Of course, the end point we are all after is that this becomes a steady habit. This takes some time. For example, I habitually have my rib cage "anchored" in ordinary circumstances but if I am physically or emotionally stressed, I sometimes find myself swaying. Conversely, by focusing on maintaining my rib anchor in emotionally and phsysically stressful situations, I can mitigate the stress quite effectivley. An example is when I play table tennis. The competitive aspect of the game might induce me to regress to a swayed position. By focusing on the rib anchor, I have a fine way to steady my game and play better.

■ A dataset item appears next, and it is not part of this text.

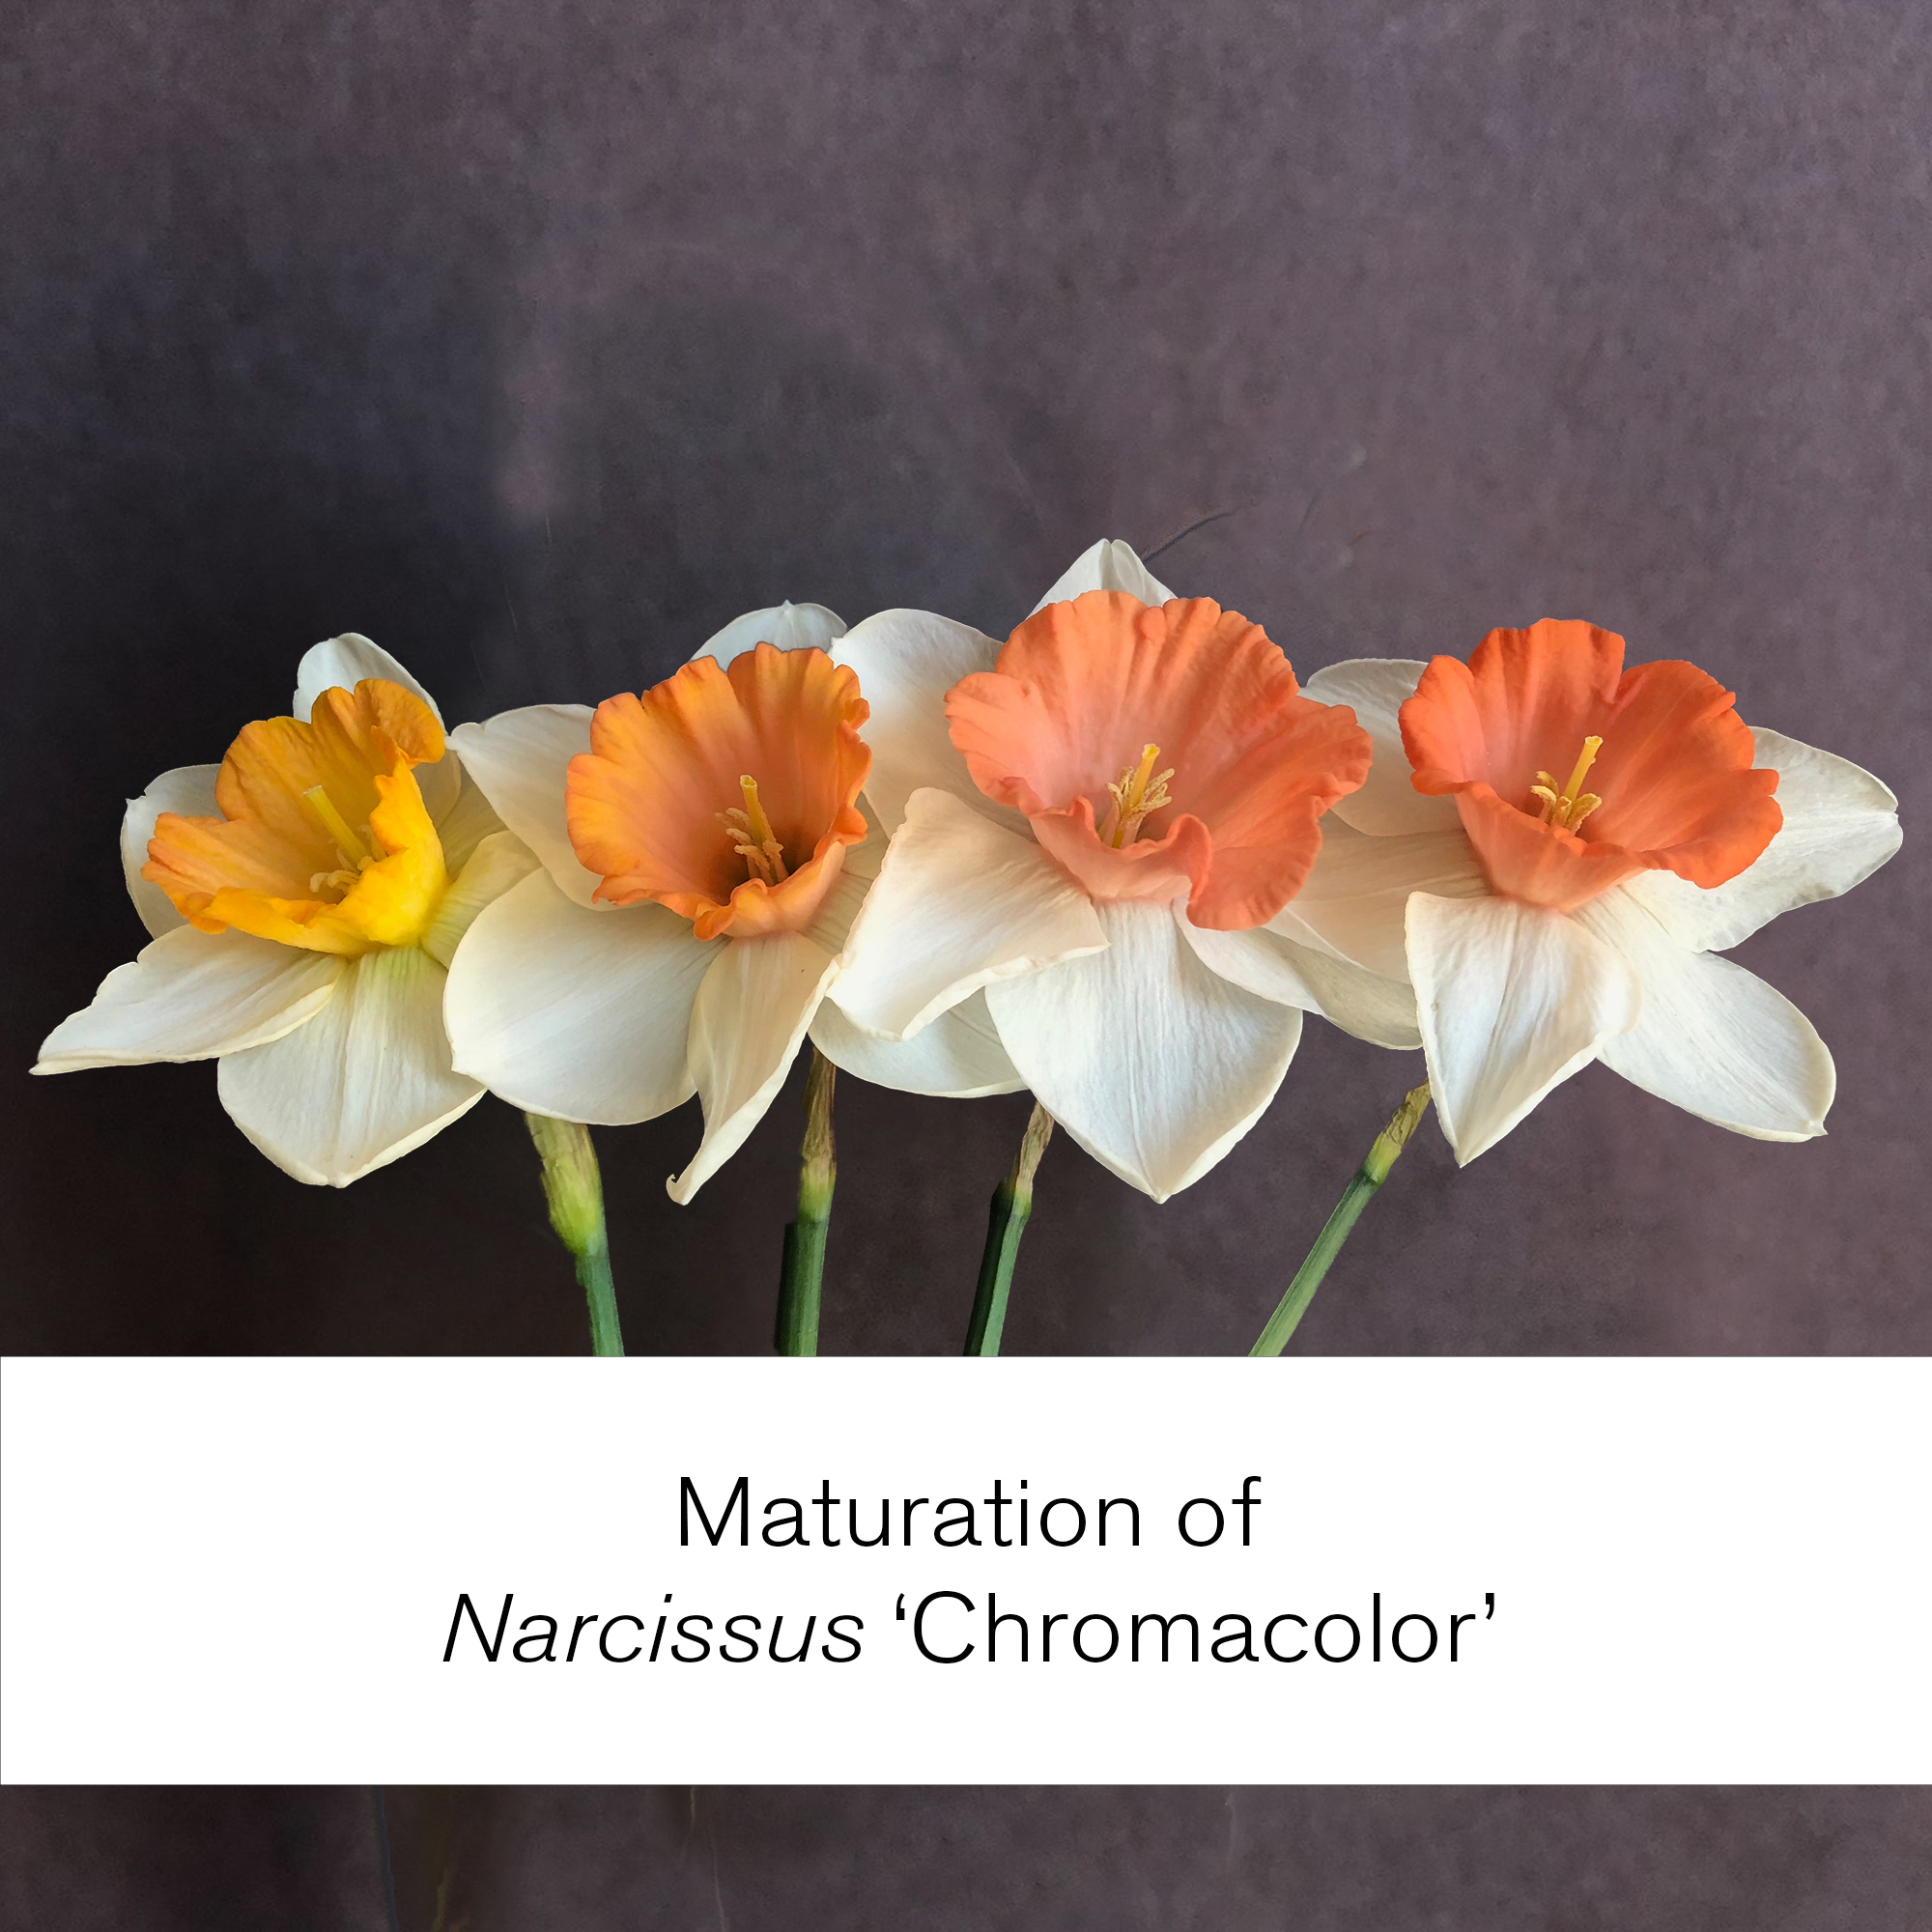 four narcissus chromacolor flowers each with a different colored corona from left to right yellow, orange/pink, coral, bright coral. text below the flowers reads maturation of narcissus chromacolor

The hardest part of the rib anchor for me has been finding the right muscles to contract, as I have tended to contract the lower abdominal muscles in addition to the obliques which just makes my stomach uncomfortably tense. Also, I find that when I engage the rib anchor and then roll the shoulders and lift the neck that it pulls me out of the rib anchor and into a sway, and it feels like pulling in two opposite directions to get all three elements - ribs, shoulders and neck - in alignment. Is that the correct feeling? It can be very frustrating but I keep at it because my back and right leg tell me if I have it wrong (I have a bad swayback and I think some kind of misalignment in my lower back/spine or pelvis which effects my right knee and leg though not the left for some reason) but it still takes a a lot of effort and focus to keep it engaged and to keep the lower abdomen relaxed as well (I also believe that chronic abdominal bloating also makes it more difficult). But this is the only thing that seems to work!

 I too have the same challenge and would be grateful for a reply as to how to anchor my ribs correctly. Thanks!